Dr Khan’s Selfless Sacrifice was Abused and Misused
Since Dr Khan contracted a disease he was committed to fighting, a lot of stories have been told about how he may have contracted it. You might have heard people saying it was through his cell phone which he would use in and out of his protective suits, through recovered patients whom he would touch unprotected to assure them they were safe, through a sick baby who later tested positive or during the cause of fighting to save the lives of his dear colleagues, particularly the Lassa Fever nurse, who contracted the disease and died before him. While we continue to guess how he contracted it, the fact that he used to spend long hours in his protective clothing was totally unacceptable. It is reported that he used to spend 8 – 11 hours in his protective clothing which I consider both an abuse and a misuse by our authorities who only considered him a hero after his demise. How many of us knew about his selfless sacrifice before he was laid on his death bed? The answer to this will make one wonder whether he would have been praised a hero had he not died fighting. Nobody ever made mention of his relentless effort at that poorly equipped centre – instead, he was allowed to spend long unrecognized hours in those boiling suits.
For those who think being in those suits is that easy, let me hasten to let you know that aside the stigma of your being unsafe, dehydration stands out as another serious threat which can easily impair your health. It is estimated that one loses five (5) litres of sweat in just one hour wearing those suits. The danger is that your sweat does not dry until you get out of it. This is why after every hour-long shift, one has to take off two full hours to re-hydrate. This simply tells you how the poor doctor, a true patriot, a national hero, was abused by staying long hours in his protective clothing. While some were interesting in seeing more money transferred to the cause of fighting Ebola so that they can embezzle, he was there in a poorly equipped ward with a handful of nurses battling to save the lives of our fellow countrymen.

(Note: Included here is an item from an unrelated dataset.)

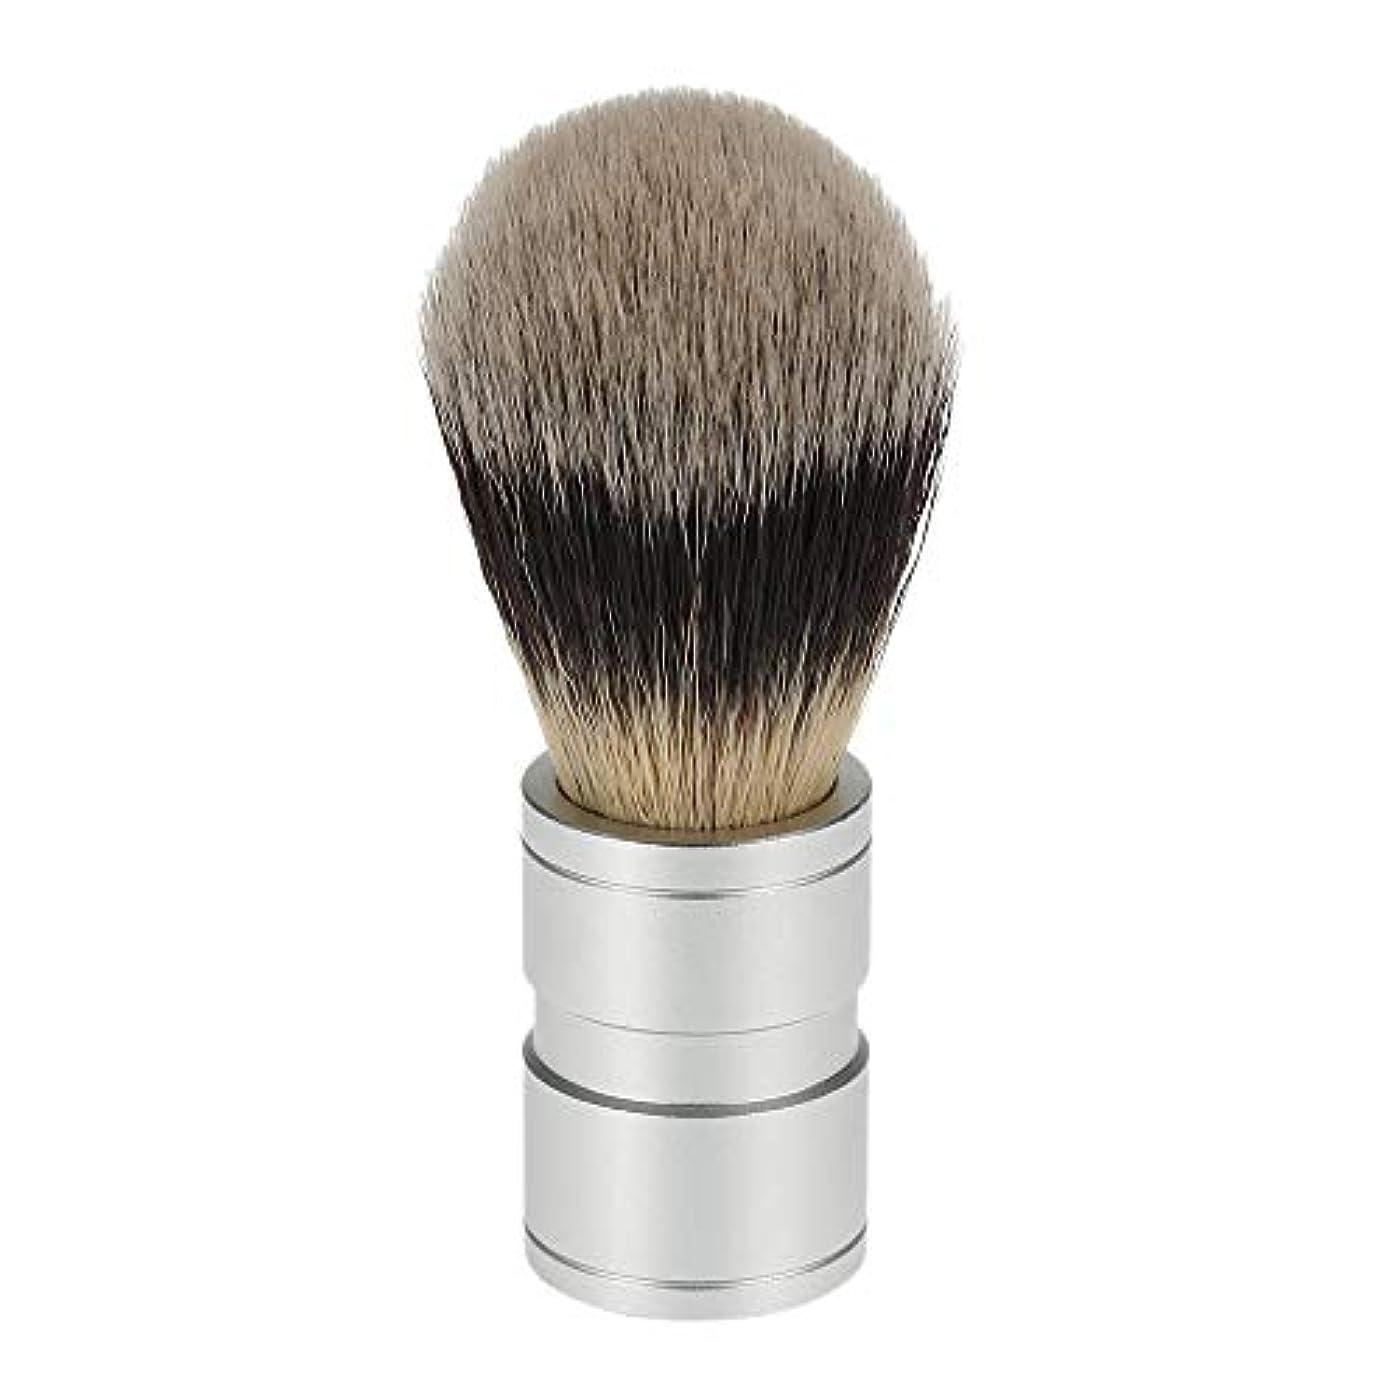 汚染されたその他シンジケートRETYLY 1ピース 男性のヘアシェービングブラシ ステンレス金属ハンドル ソフト合成ナイロンヘア理髪ブラシ 快適な ひげ剃りツール

We have missed out on this cause since its beginning and we still continue to mess it. Serious preparations would have been made before it ever took us unaware. Instead, we were all busy with a senseless 3rd term debate styling it as ‘after u na u‘. Even MSF that came in very late is much more prepared to take on the disease. They have well over 200 trained and dedicated staff in Kailahun who work on shifts. How many do we have at the Kenema Ward? MSF has trained a good number of community people in Kailahun who are themselves helping the experts out. How much of this has been done in Kenema? This tells you why the number of reported cases is declining in Kailahun but soaring up in Kenema. It’s disappointing when you see a handful of people making noise around in the name of Ebola sensitization. I seriously question the quality of these sensitizations. I see vehicles driving at 50-60Km/hr presenting a message you can hardly understand. I consider this a joke and call for a step-up. These people need more reflection on Monday than anyone else. Of course I don’t want to talk about the paltry sum the nurses are being given as risk allowance ‘na one day pocket money‘. I only pray that God will protect all the remaining health workers who continue to work in terror. We can never pay you for such sacrifice but be sure that God Almighty will richly reward you.

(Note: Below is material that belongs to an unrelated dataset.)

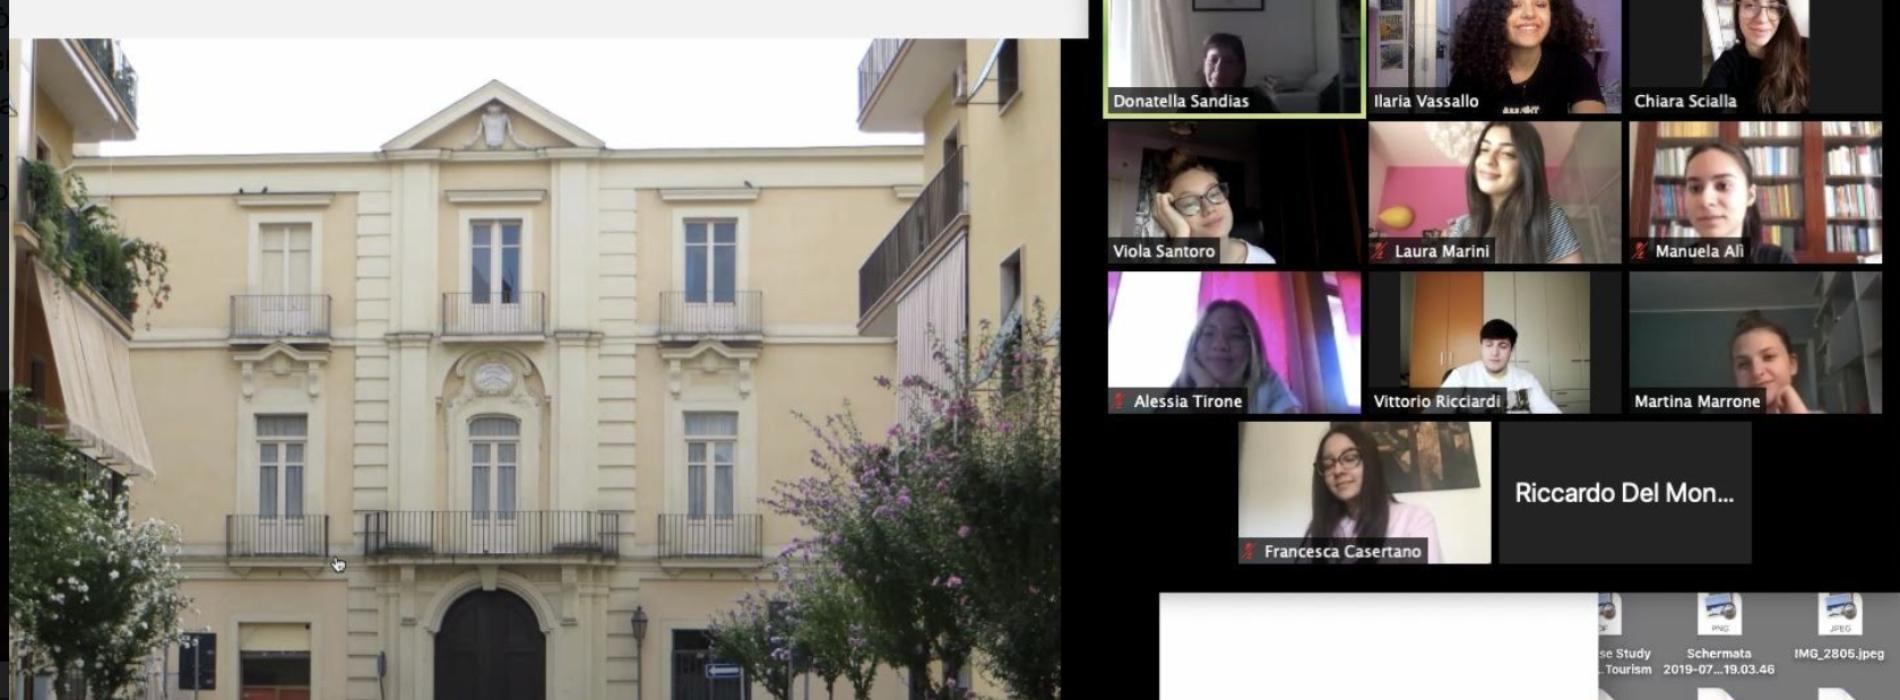 Adottato Palazzo Paternò, il video del Manzoni va in Archivio

Let no one make mistake about this disease. It is real and it knows no tribe, no colour, no political identity; it can kill anyone. I summon all of us to get very serious in fighting this deadly disease and observe the DOs and DON’Ts prescribed by experts and report any suspected cases. It’s good to note that even though the disease has no known medication, yet reporting upon seeing the early signs can make a huge difference. Don’t wait for the late signs – quickly report if any of the early signs persist. It is better to report and get medical attention than hide and die after spreading it to family members.
As it stands, the current outbreak has been classed the worst Ebola epidemic since its first outbreak in 1976. The charts below give statistics of Ebola confirmed cases and deaths as reported by WHO since 1976.
As we wait to reflect on Monday, I pray that God hears our cries and take away this dreadful enemy that is terrorizing this country.